Motive 1 – Shale: One reason the Kingdom is depressing prices is to thwart the growth of the nascent shale gas and bitumen oil industries in America and Canada. The threat from these new industries to Saudi Arabia is real – In October, America ceased Nigerian oil imports, even though Nigeria exported almost as much oil to America as Saudi Arabia as recently at 2010. Meanwhile, Canada steadily increased its exports of bitumen oil to America during the same period.

However, new shale projects require $65 oil to break even. At $53 a barrel, the shale boom has been paused, and several investments have been called off, their returns in doubt (although many existing wells remain online). If the Saudis allow prices to increase, the threat of shale will likely resume, so it does not look like they will allow prices to return to their pre-June levels. But the current price level is sufficiently low to keep the threat at bay, so the Saudis need not increase output further. At the same time, $53 oil will stop new shale projects from coming offline, so it is unlikely that North America can contribute to the supply glut any further, either. It is for these reasons that oil proces are unlikely to tumble much further.

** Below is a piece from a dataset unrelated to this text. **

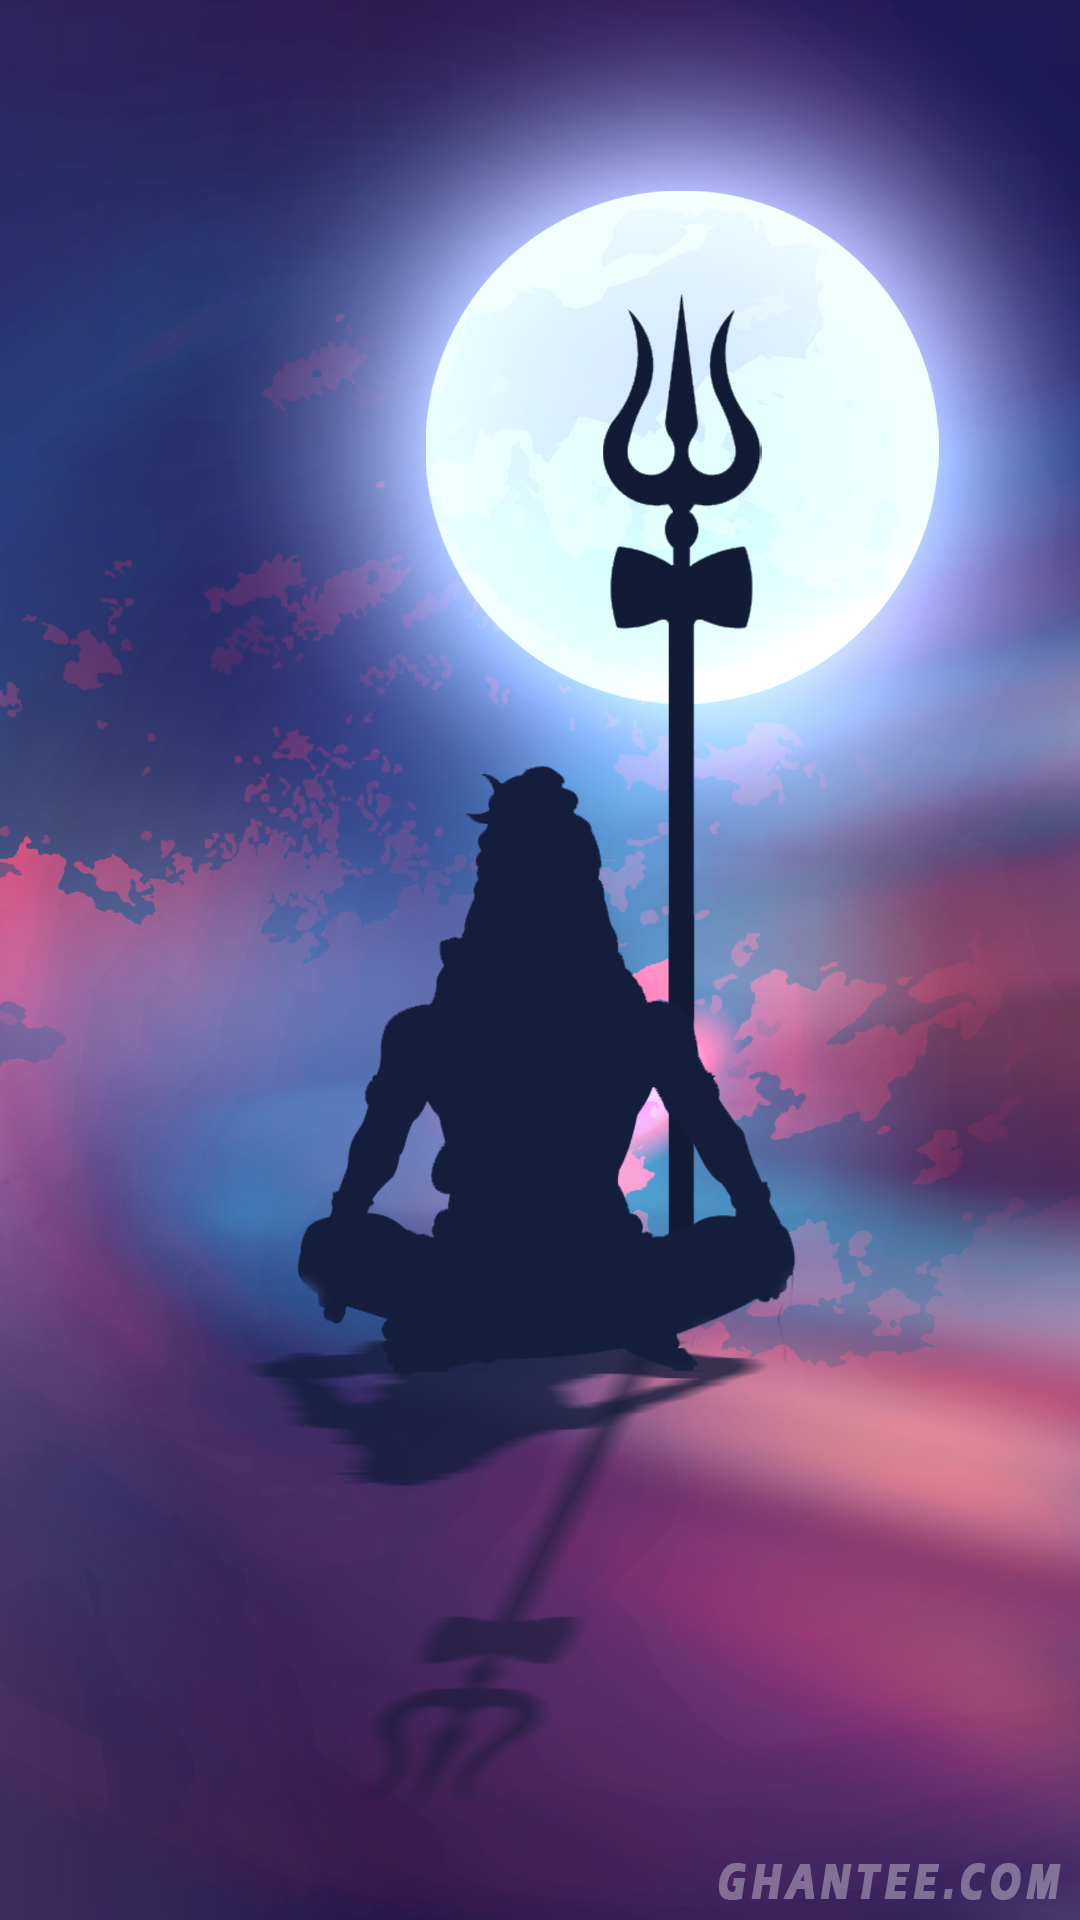 Lord Shiva Meditating In the Forest... by dsg9923 on DeviantArt

Motive 2 – Iran: However, I believe the Saudis have also depressed prices to hurt Iran and Russia, both of whom make most of their export revenue from oil. Iran’s expanding influence in the Middle East has rattled the Saudis considerably. In addition, both Iran and Russia remain staunch defenders of the Syrian government, which the Saudis and Qataris despise. The Saudi’s reserves of $900bln provide the kingdom with a buffer, but will likely force Iran and Russia to think twice about expensive foreign projects like Syria, right?

But it does not look like low oil prices have reduced Iranian, or even Russian, involvement in Iraq and Syria. Iranian General Soleimani is openly marching through Iraq as an “advisor”, while Iran-backed militia have made the bulk of gains against IS. Meanwhile Assad has held onto power, two years after most media outlets pronounced him as good as overthrown. All of this has happened against the backdrop of low oil prices. Thus, it does not look like there is much value in continuing the Saudi strategy of depressing oil prices to curb Iranian influence.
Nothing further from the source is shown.